Les archives du CLALG contiennent bien plus que des procès-verbaux décrivant les aléas de l’organisation : elles permettent de déceler les incertitudes des militantes féministes au détour d’un rapport, d’une note manuscrite ou d’un procès-verbal de réunion, ce qui éclaire le côté très humain de cette organisation militante. Il peut être facile d’oublier que derrière ces réseaux, ces manifestations et ces prises de parole publiques se cachent des femmes, des amies, des travailleuses, des mères, des conjointes, qui œuvrent bénévolement et anonymement, toutes guidées par la conviction profonde que les femmes, qu’elles-mêmes, vivent des injustices systémiques. Les femmes dont j’ai fait la rencontre à travers les archives du Comité sont passionnées et passionnantes, mais aussi inquiètes devant les nombreux défis auxquels elles font face. Plusieurs documents traitent des questionnements du Comité quant à la possibilité de transformer le service de référence en outil de lutte politique et au besoin de nouvelles militantes pour continuer le travail[12]. De plus, devant la force de la répression policière des avortements clandestins à Montréal et la violence de la perquisition du Centre des femmes en 1973, elles se sentent impuissantes et laissées à elles-mêmes : «C’est sans doute à ce moment que les militantes ont vraiment été saisies de l’illégalité et de la clandestinité du service. Perquisitionnées mais isolées. Sur qui pouvaient-elles compter? Comment réagir?[13]» Les archives du CLALG nous font donc entrer dans les coulisses de la lutte pour l’avortement libre et gratuit, levant la voile sur la part d’ombre que comporte l’engagement militant. Les femmes qu’on y découvre sont investies non seulement dans la lutte pour l’avortement, mais également dans la construction d’une pensée féministe cohérente, articulant analyse de classes et de sexe[14].

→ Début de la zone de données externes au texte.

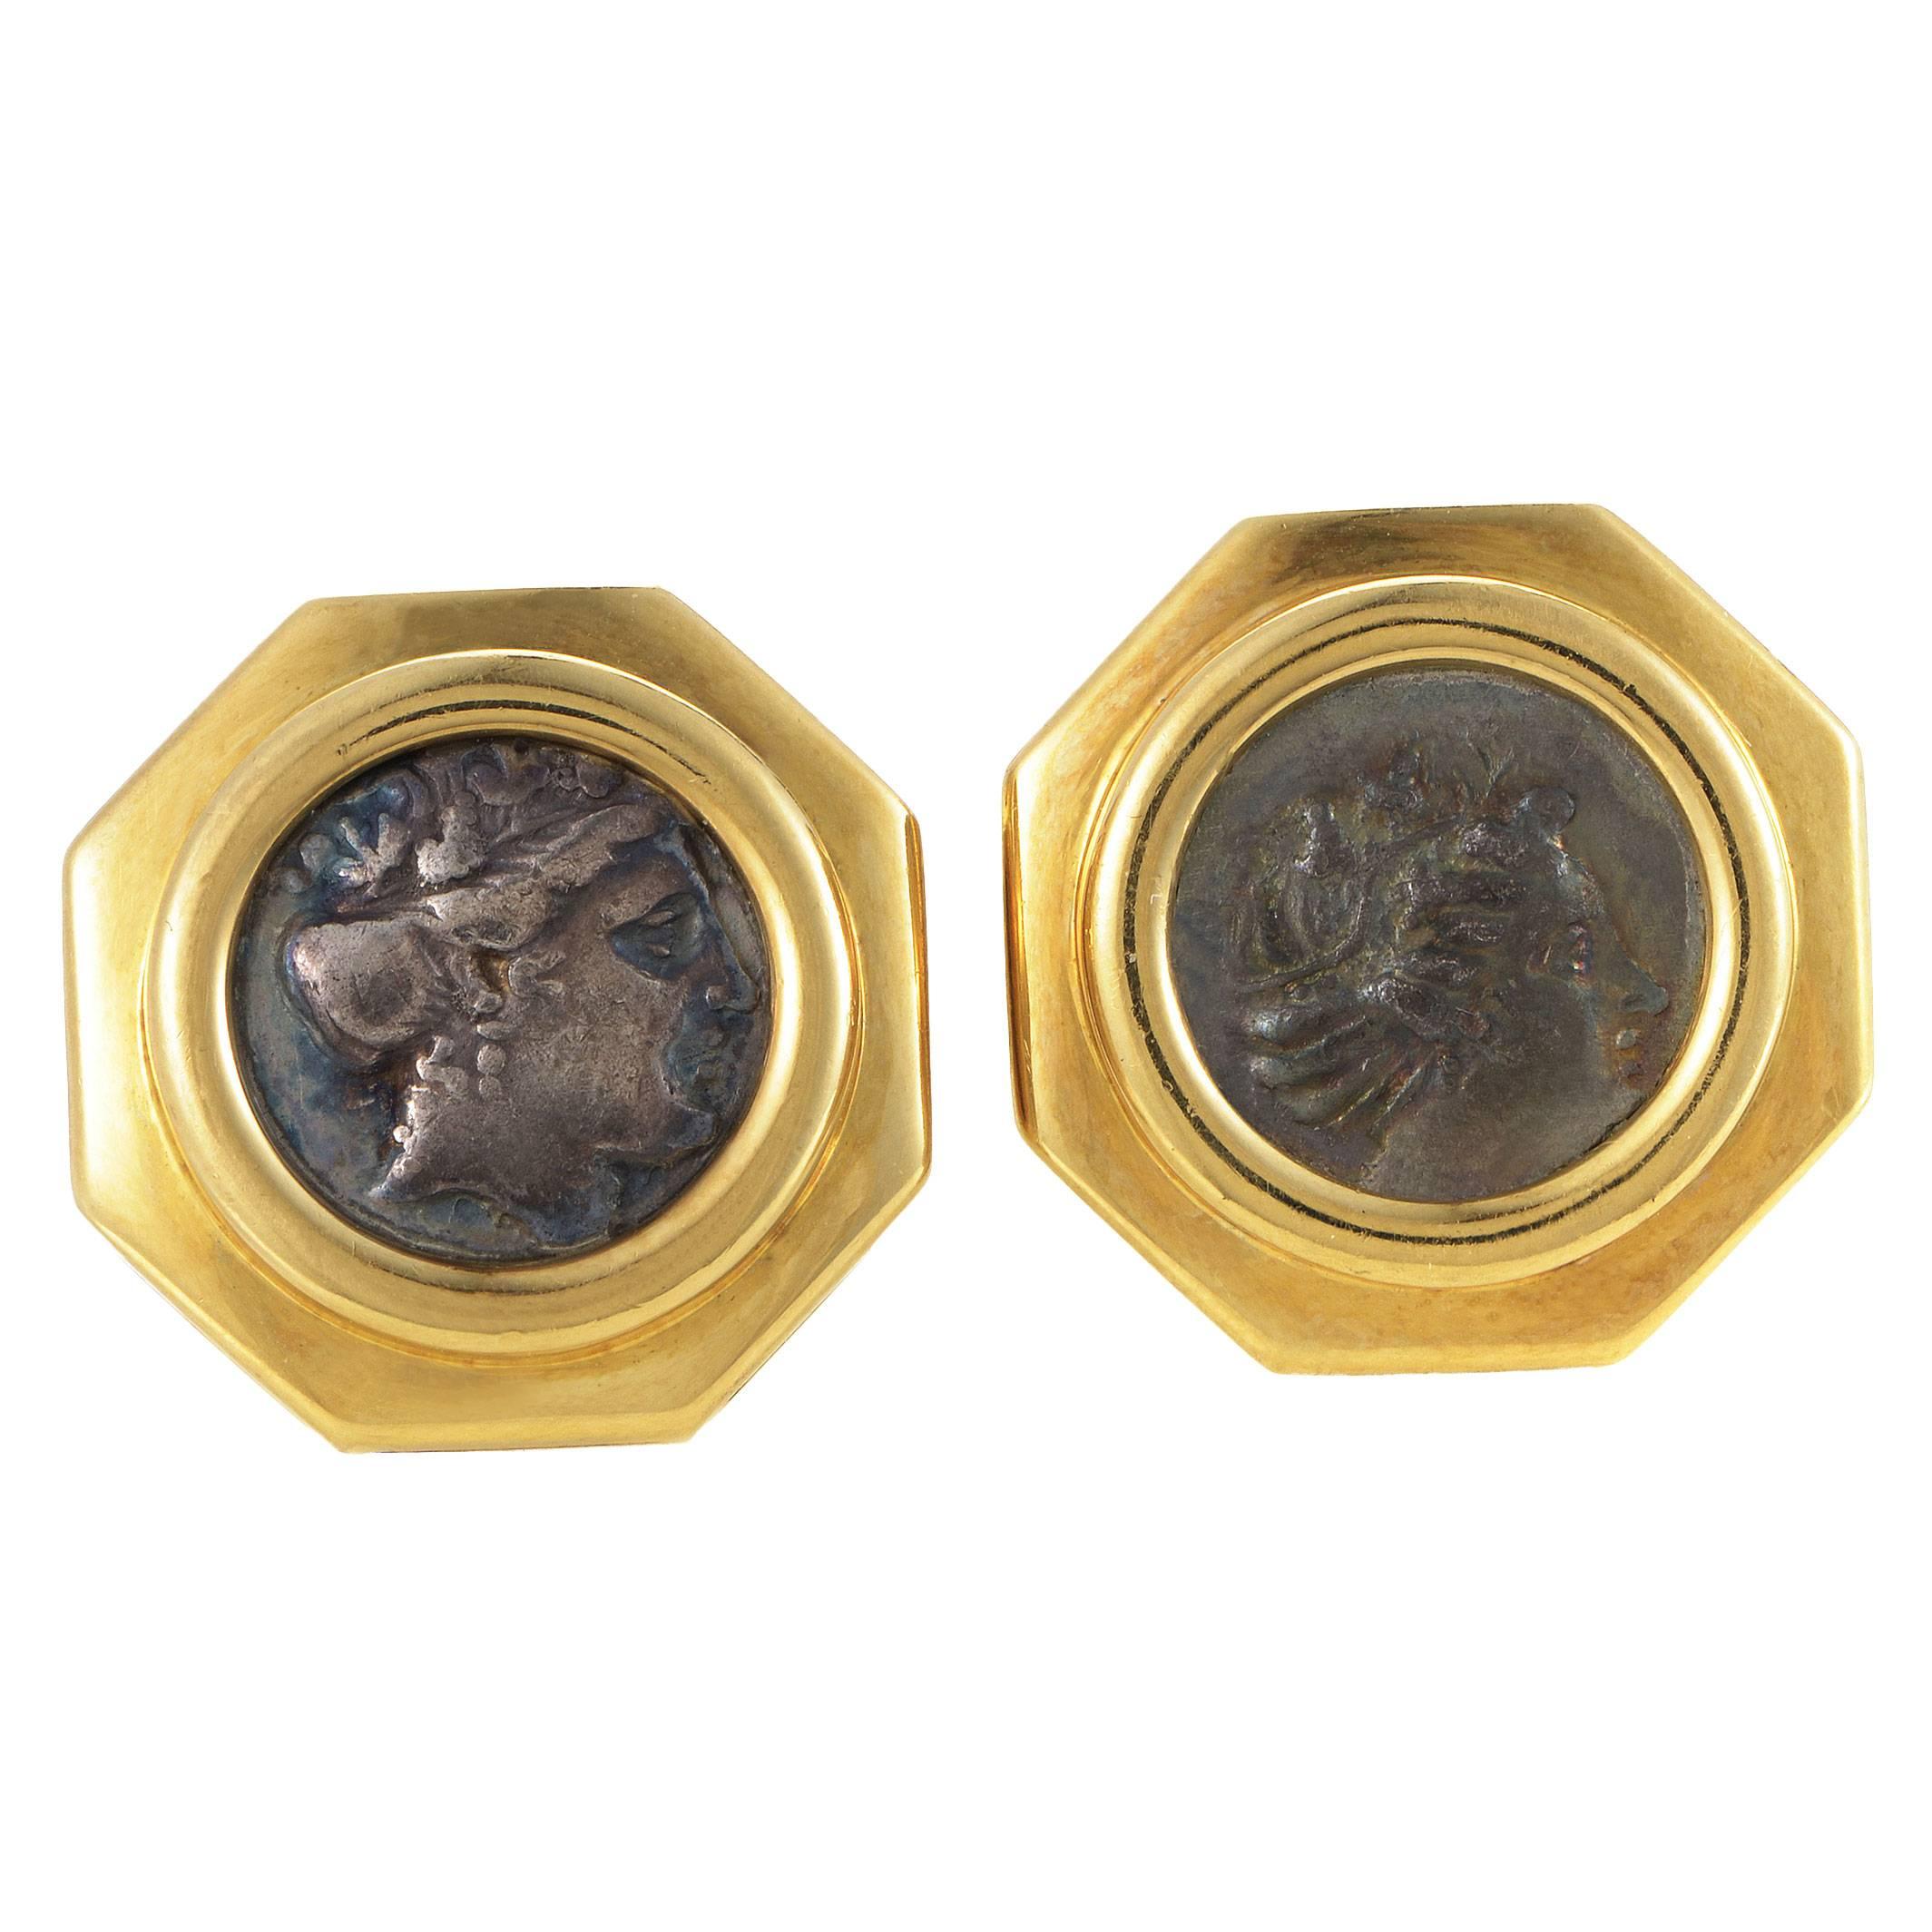 Bulgari Monete Ancient Coin Gold Cufflinks

Archives CLALG (Crédit : Marie-Laurence Raby)

Dans un texte réfléchissant aux archives féministes et au rapport social, voire organique, de l’historien.ne avec les archives, Joan W. Scott dit ceci : «The pursuit of knowledge in the archive is a highly individualized task, but it’s not lonely. The researcher surrounds herself with the whispering souls she conjures from the material she reads[15]». Si je ne me suis pas sentie «seule» devant les archives, au sens où Scott l’entend, c’est probablement en grande partie parce que l’engagement féministe des militantes du Comité de lutte faisait écho à mon propre militantisme en tant qu’étudiante et en tant que féministe. Je me suis reconnue dans l’investissement, tant physique qu’intellectuel, de ces femmes pour une cause et j’ai été touchée par leurs doutes et leurs questions restées sans réponse. Combien de fois mon implication dans le mouvement étudiant m’a-t-elle moi-même amenée à me remettre en question? À questionner l’ordre social, les rôles sexués, le patriarcat? Mon parcours et mes convictions font que je ne peux demeurer neutre devant ces archives : je suis profondément investie dans et par l’objet de mes recherches.

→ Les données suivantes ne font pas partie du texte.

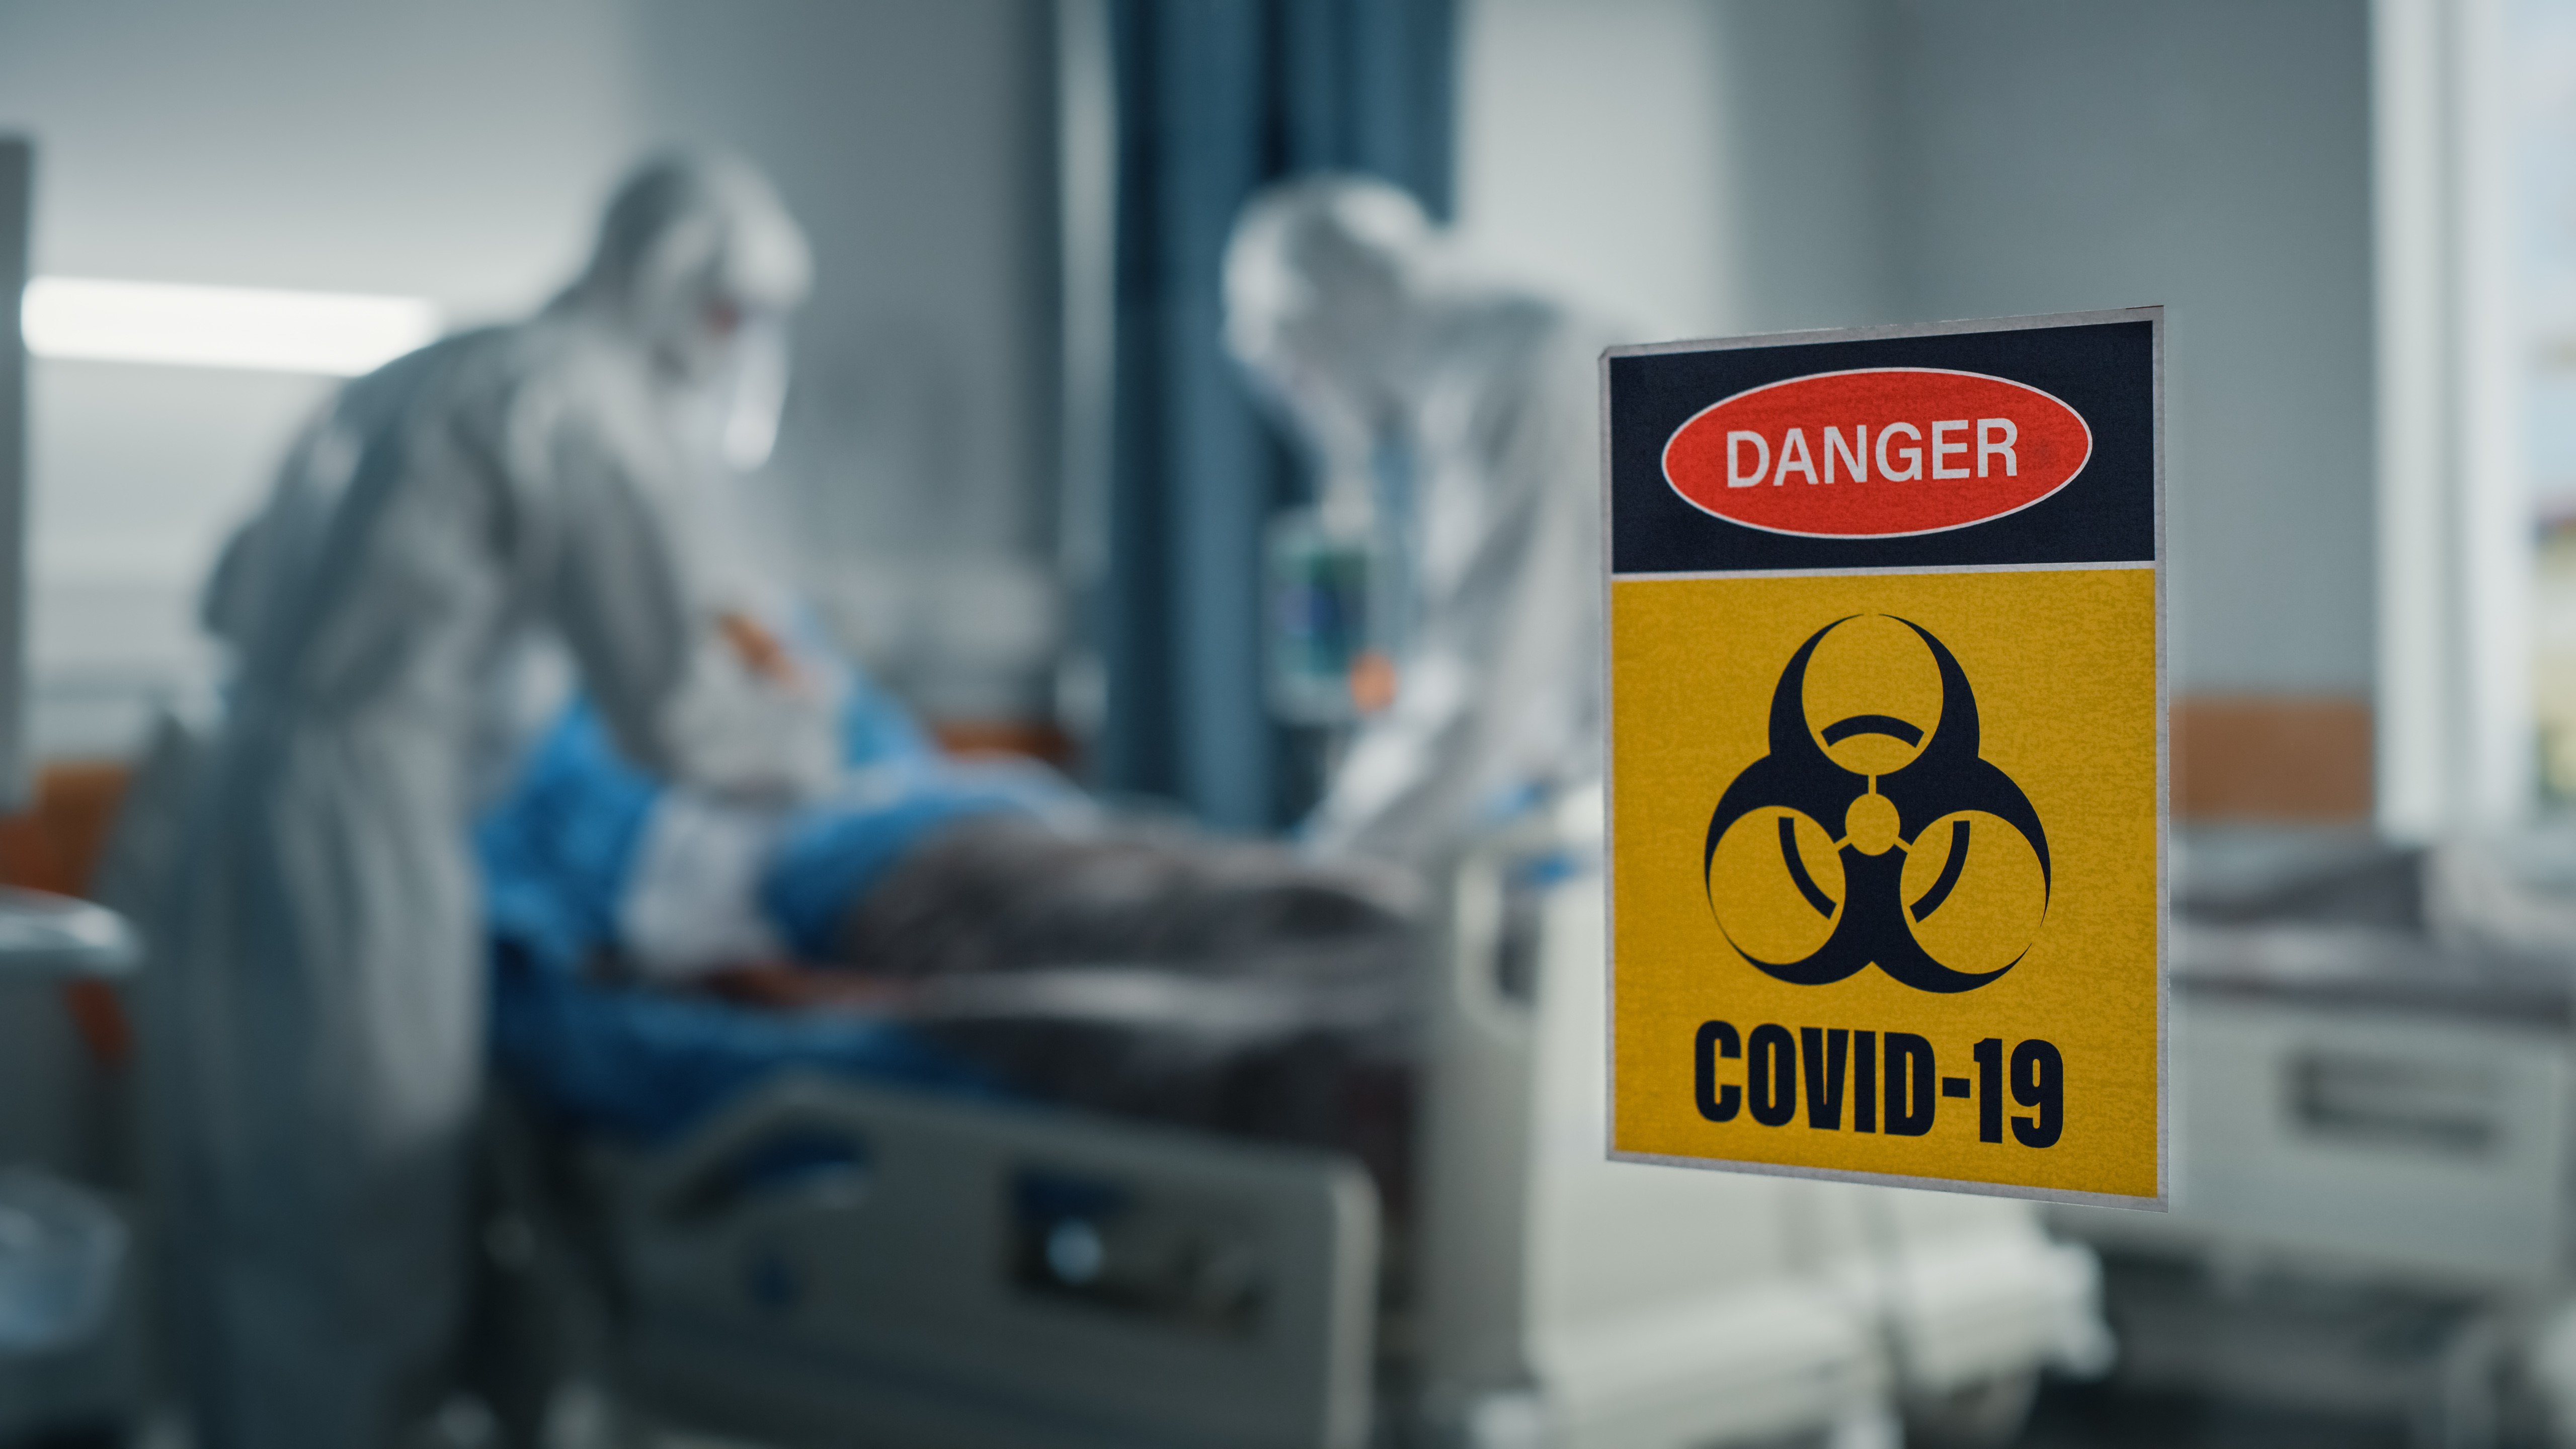 COVID-19 danger coronavirus pandemic quarantine

Les femmes comme sujet de l’histoire

Je terminerai cette chronique d’archives en revenant sur un enjeu de l’histoire des femmes soulevé par Micheline Dumont : le déplacement de la lunette de l’historienne pour faire des femmes des sujets de l’histoire. Comme le dit bien Dumont :

On peut parler de «sujet» surtout pour expliquer que l’étude est faite du point de vue de la personne qui l’entreprend. […] En histoire des femmes, il ne fallait pas se contenter de prendre les femmes comme objet d’étude. Il fallait faire des femmes le sujet de leur histoire pour sortir des sempiternels lieux communs sur les femmes[16].

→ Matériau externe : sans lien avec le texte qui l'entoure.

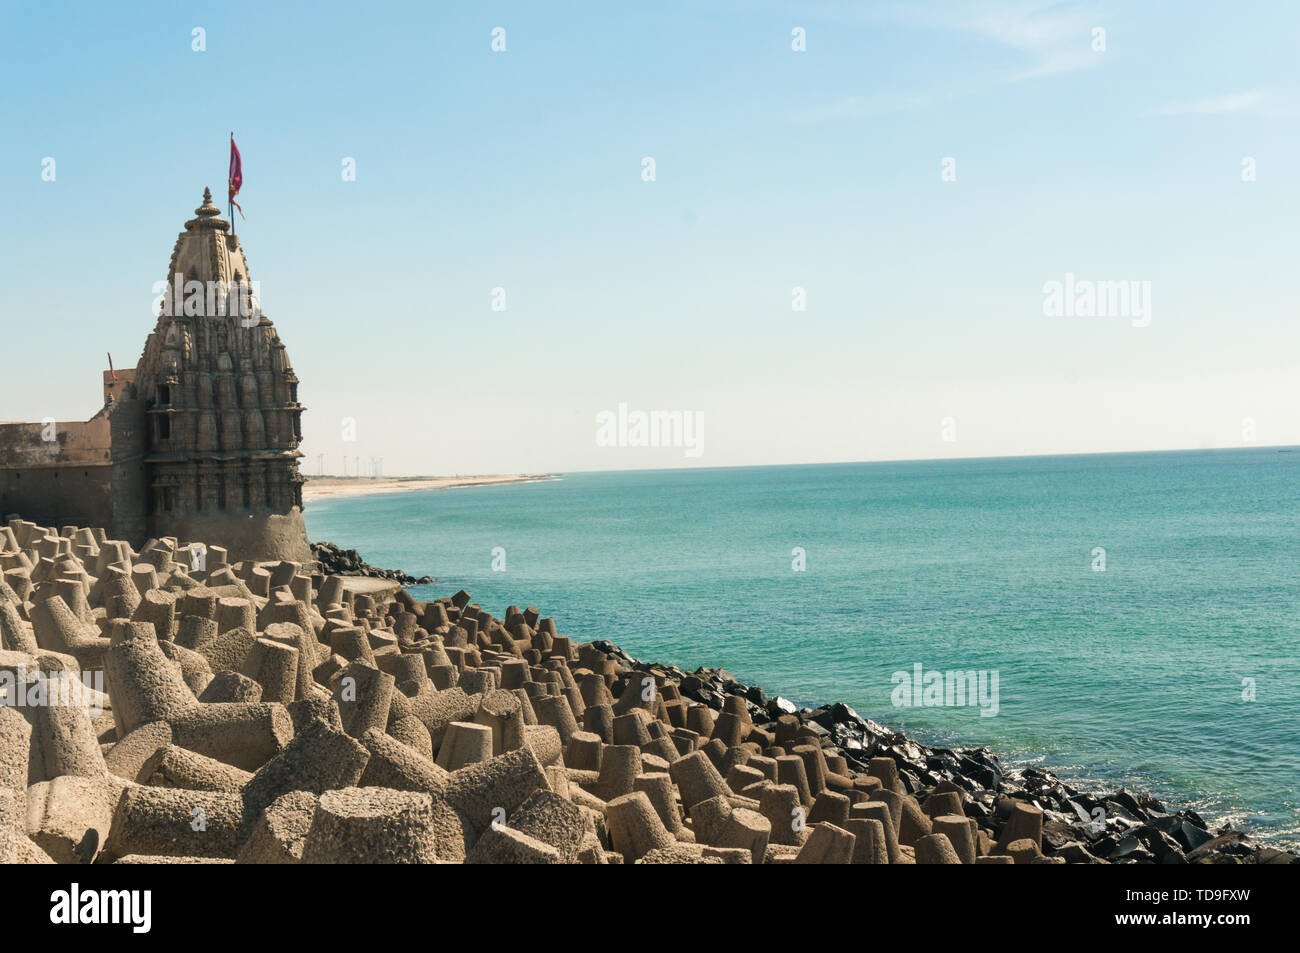 Lone hindu temple with flag on arabian sea coast with wave breakers Stock Photo

Je crois que les archives du Comité de lutte pour l’avortement libre et gratuit permettent d’inscrire les réseaux clandestins féministes d’avortement dans une histoire des femmes qui les traite comme des sujets. Cette documentation témoigne de toute l’agentivité des femmes impliquées dans ces réseaux, puisque les militantes ne se contentent pas de subir les effets de la législation sur l’avortement, elles interviennent de façon active pour façonner des réseaux répondant à leurs besoins, transcendant le cadre national au besoin. Les femmes sujet de l’histoire de ces réseaux sont empowered par ceux-ci, pour reprendre un terme issu des gender studies.

Je souhaite par mon analyse d’historienne féministe et engagée, contribuer à faire revivre la mémoire des militantes qui hantent les archives du Comité de lutte pour l’avortement libre et gratuit. Alors que l’accès à l’avortement est encore difficile dans certaines régions du Canada[17] et que les dernières années ont vu se multiplier l’ouverture des centres anti-choix (leur nombre au Québec aurait presque doublé depuis 2015[18]), ces militantes ont tant à dire sur un passé qui fait encore écho au présent.

Pour en savoir plus

Archives:

Bibliothèque et Archives nationales du Québec (BAnQ), Fonds Comité de lutte pour l’avortement libre et gratuit (P642), Procès-verbaux 1974, 1975, 1976, 1977.

Bibliographie:

DAVIS, Kathy, «Feminist Body/Politics as world traveller: translating Our Bodies, Ourselves», The European Journal of Women’s Studies, vol.9, no.3, 2002, pp.223-247.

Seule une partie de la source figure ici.